European competitors, on the other hand, may face higher feedstock and energy costs, which may place hem at a competitive disadvantage in some cases. This is particularly true in the chemical and fertilizer industries, where feedstock cost differentials and energy costs differentials, respectively, may be material in terms of profit margins.

This would explain why shale gas deposits in Europe have received recent attention. While such deposits are not as extensive as in the US and China, they are certainly present, and do afford European NG extractors the opportunity for bringing less expensive feedstock to the European chemical industry, and less expensive NG into the European energy mix. They also afford European governments and companies an opportunity to shift away from coal more rapidly, thus allowing the region greater opportunity to hit its self-imposed GHG reduction targets.

This all sounds great. What could possibly go wrong here? For all the potentially positive implications of shale gas development in North America (and elsewhere), there are also some concerns. Whether these concerns will become significant enough to curtail or even stall shale gas development completely remains unclear. However, they are at present significant enough for a number of municipalities and states in the US to have either imposed limited restrictions on fracking, or outright (but at present probably temporary) bans. On an international scale, similar issues have arisen at the sovereign level, such that France, (for example) has banned shale gas development, as mentioned previously. In the following discussion, we tend to concentrate on developments in the US, but this is largely because shale gas drilling has been occurring in the US for some period now, and there is a well-advanced regulatory infrastructure at both the state and federal levels which have been devoting considerable attention to some of these issues.
The main concerns to date concern the following:

1. Water use: Fracking uses significant amounts of water. Most oil and/or gas drilling involves pumping water into wells when the natural underground pressure becomes insufficient to move oil or gas up the well so that it can be recovered. However, shale oil and shale gas require significant amounts of water above and beyond normal the normal requirements of the industry. A “typical” well, for example, may involve 3-10 million gallons of water, and 1.5 million pounds of sand. Even by the standards of the water-hungry natural gas industry, these are prodigious amounts. In upstate New York, companies developing the Marcellus shale (the largest shale gas region in the US) have resorted to bringing in water by the truckload, in an area not noted for its water scarcity.
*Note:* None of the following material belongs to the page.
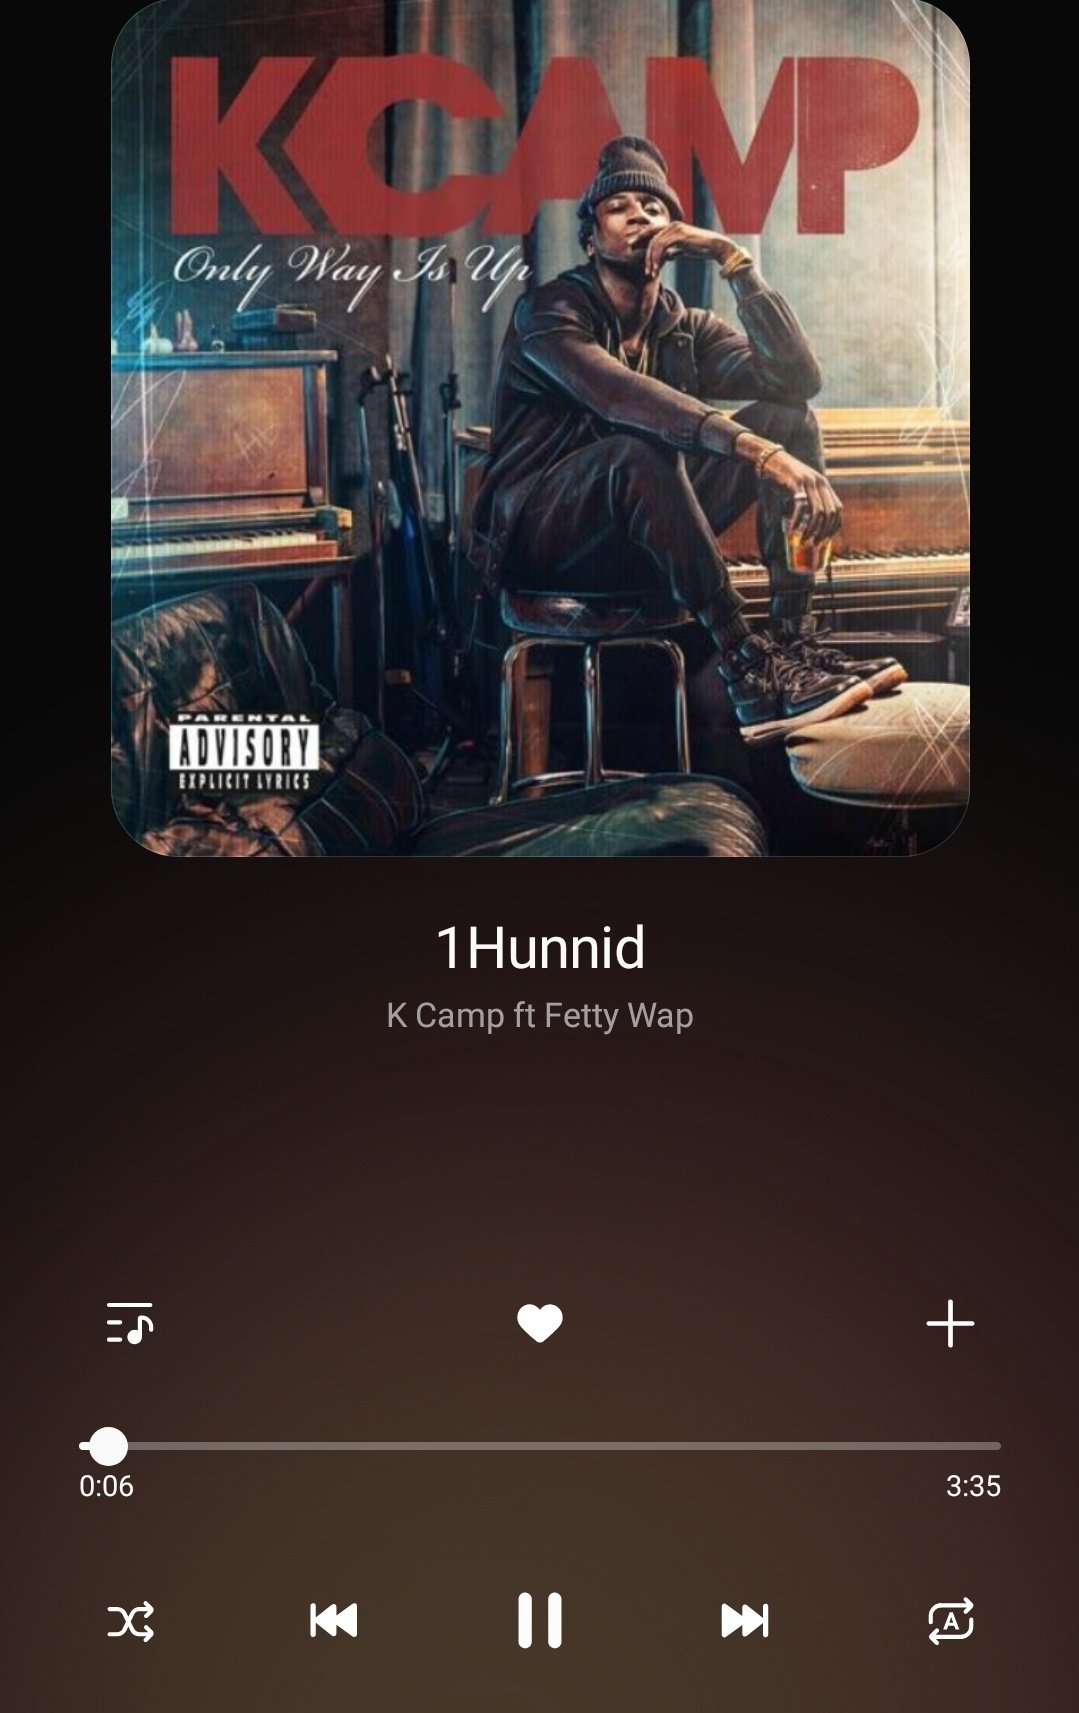 In honor of K Camp Birthday, here are some of my favorite songs from him   Happy Birthday

Were water in abundant supply everywhere, this would not necessarily be a problem. However, water is not in abundant supply everywhere. In fact, in many parts of the world water is in short supply, and there is already intense competition for water resources between agriculture, energy resources and urban development in areas such as parts of China. We would not expect this competition to get easier over time. Since the amount of water on the planet is finite, it’s not as if more can be discovered.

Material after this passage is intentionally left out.